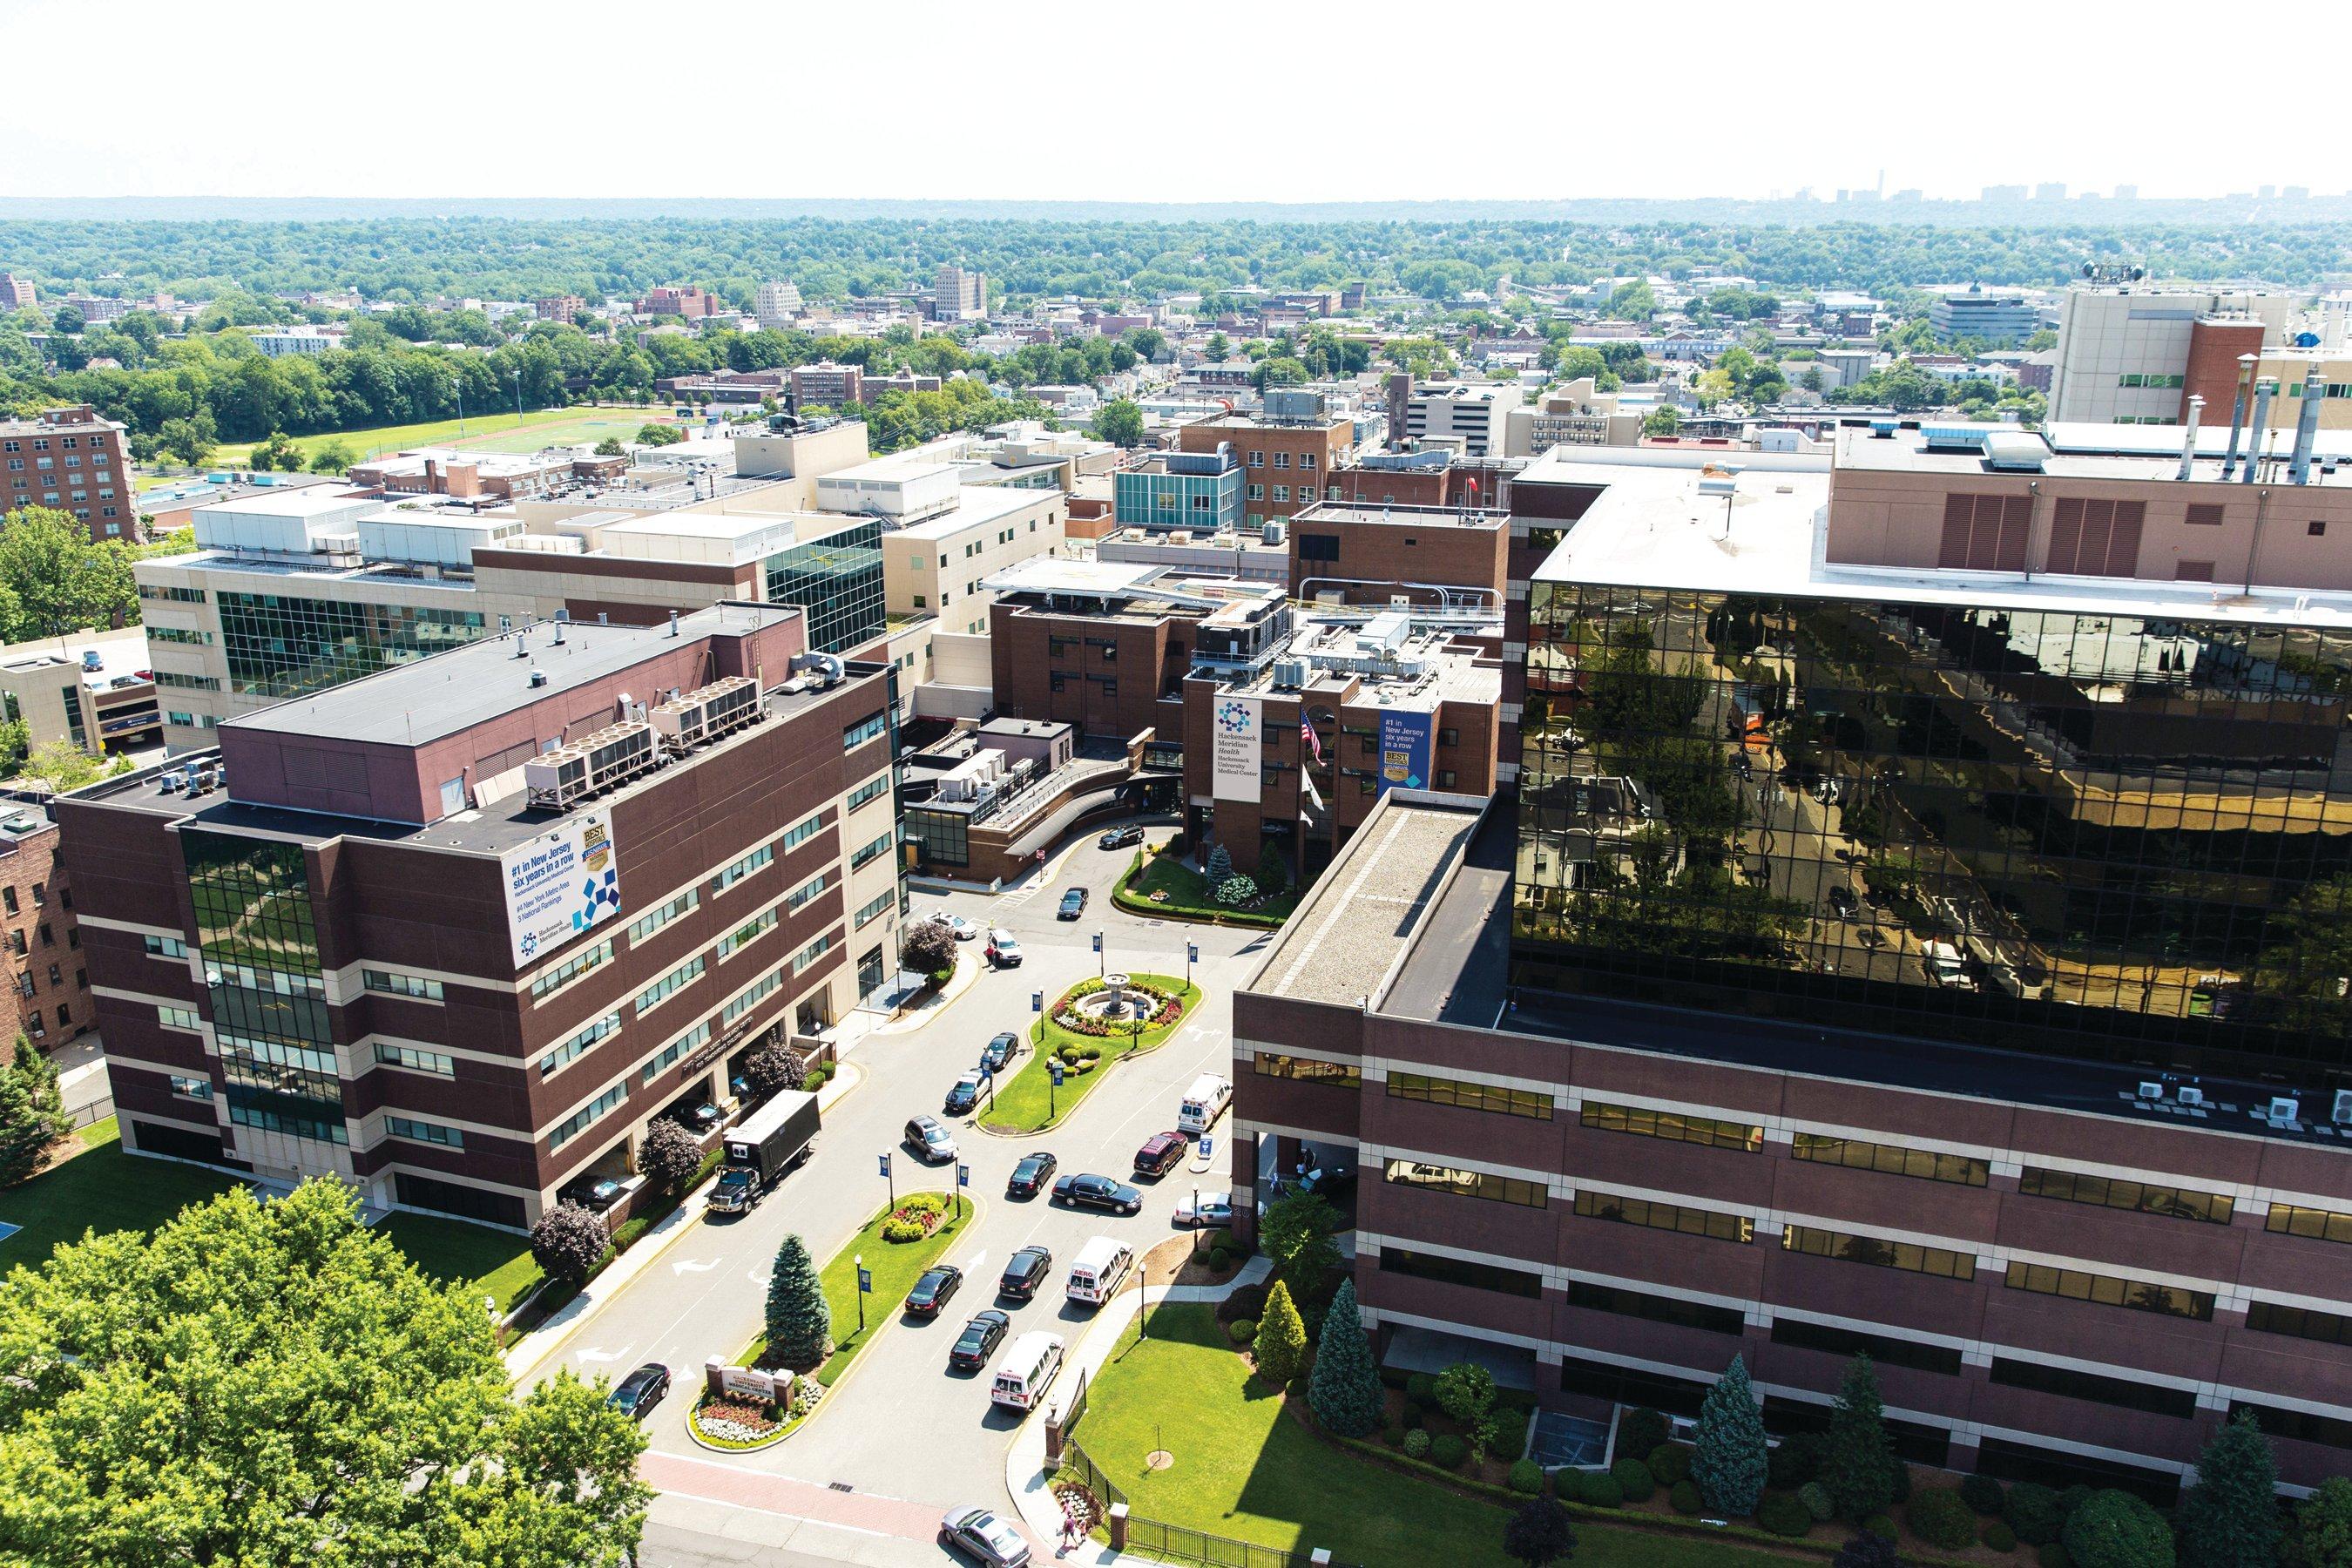 Hackensack Meridian Health Hackensack University Medical Center
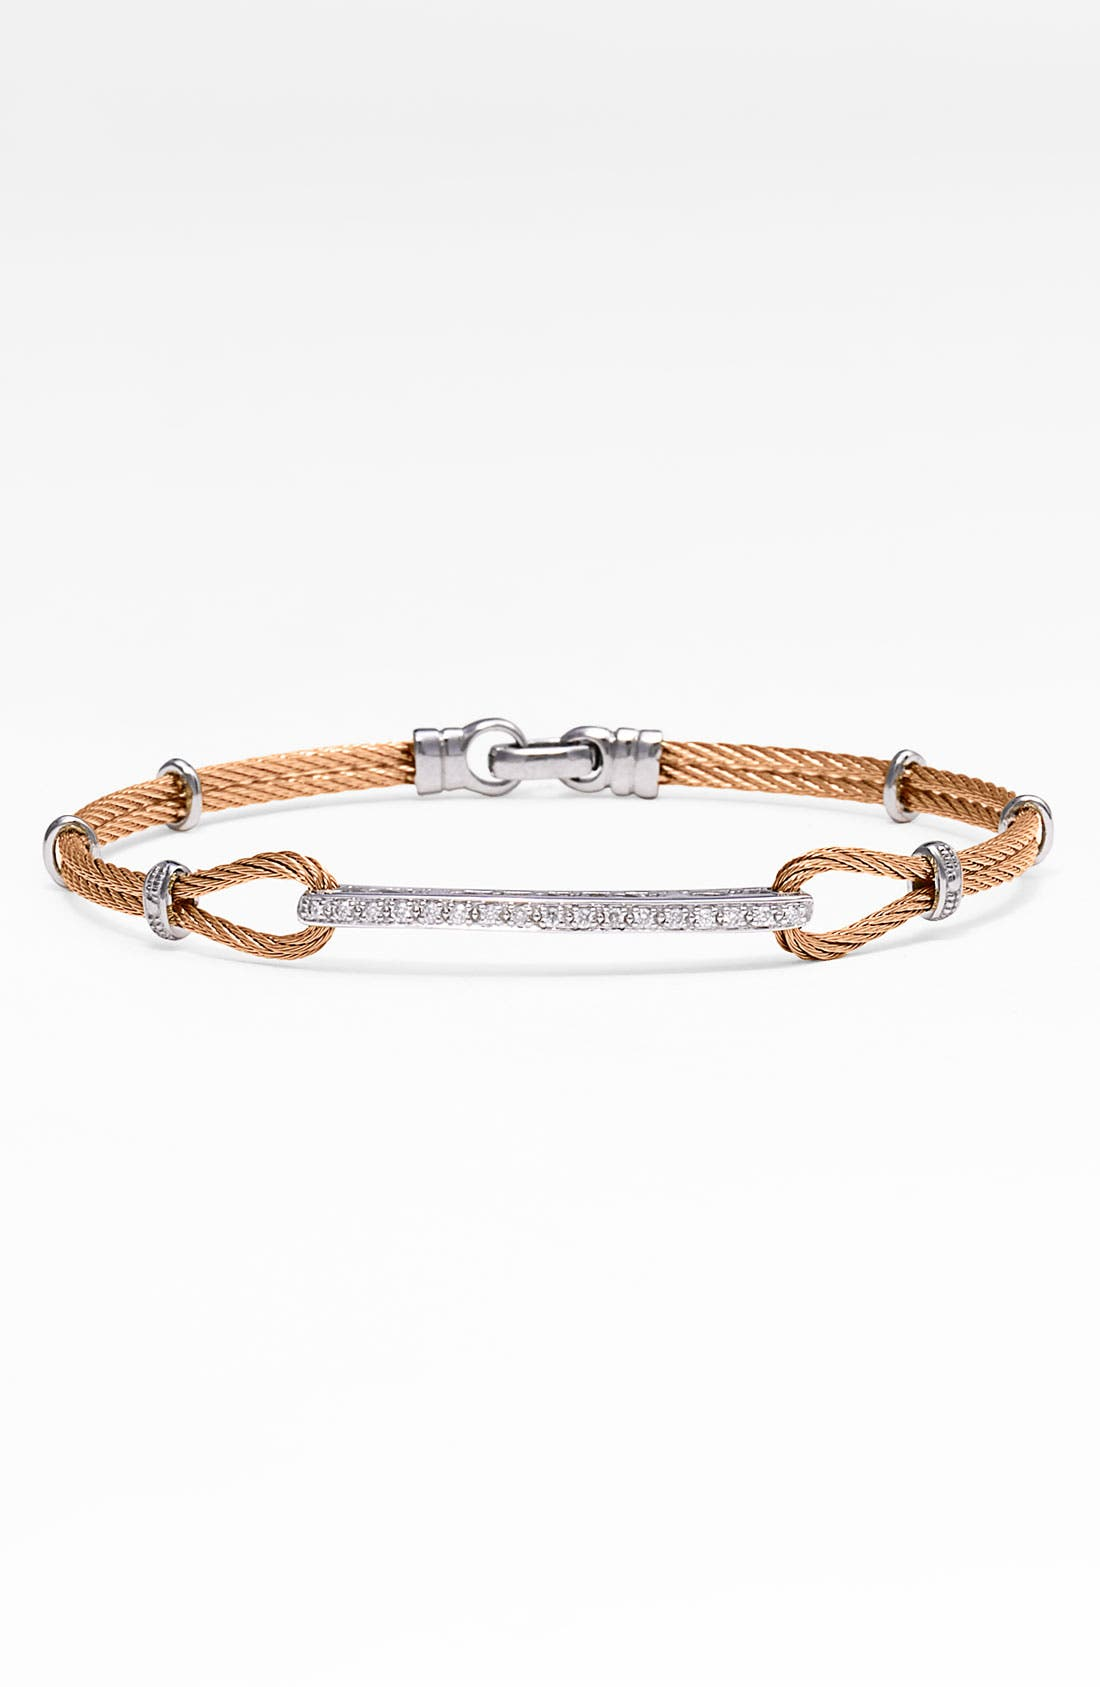 Alternate Image 1 Selected - ALOR® Diamond ID Bracelet
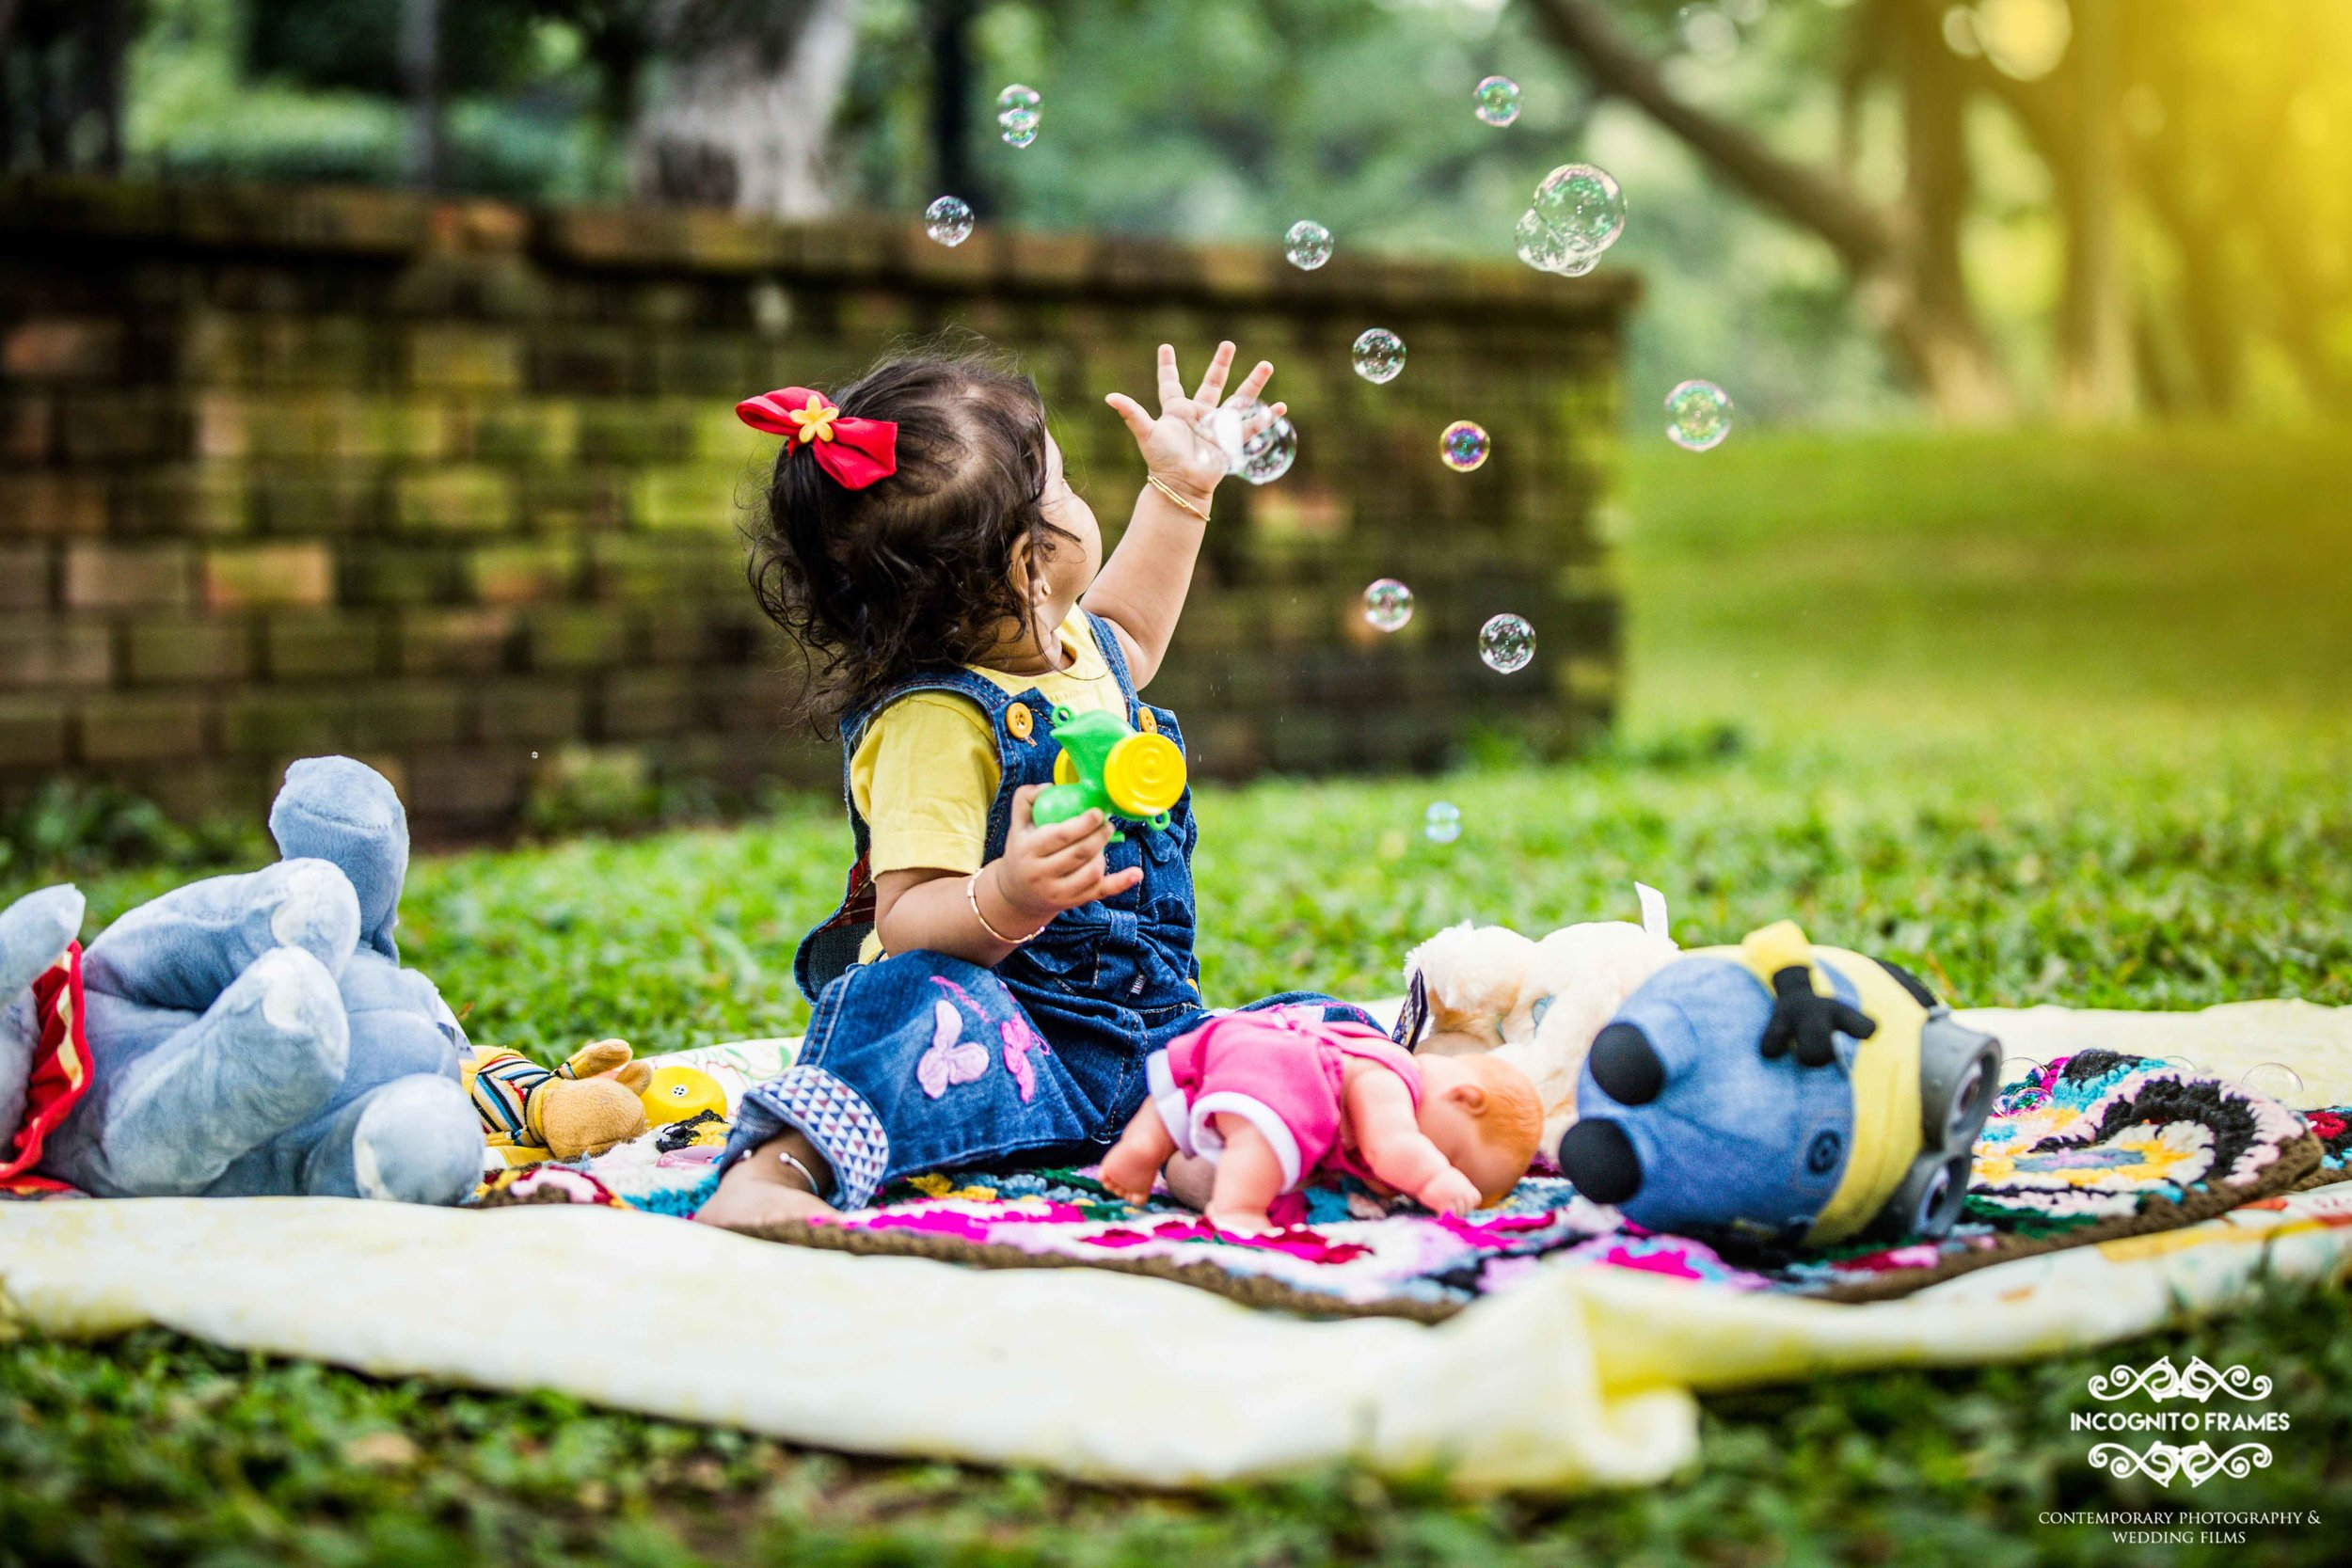 kidsphotographyinchennai.jpg

**What needs to be done:**
The lines to repeat run from the line containing "Alternate Image 1" through the last line of the material above; give them exactly, without the pictures.

**Exercise response:**
 Alternate Image 1 Selected - ALOR® Diamond ID Bracelet
 kidsphotographyinchennai.jpg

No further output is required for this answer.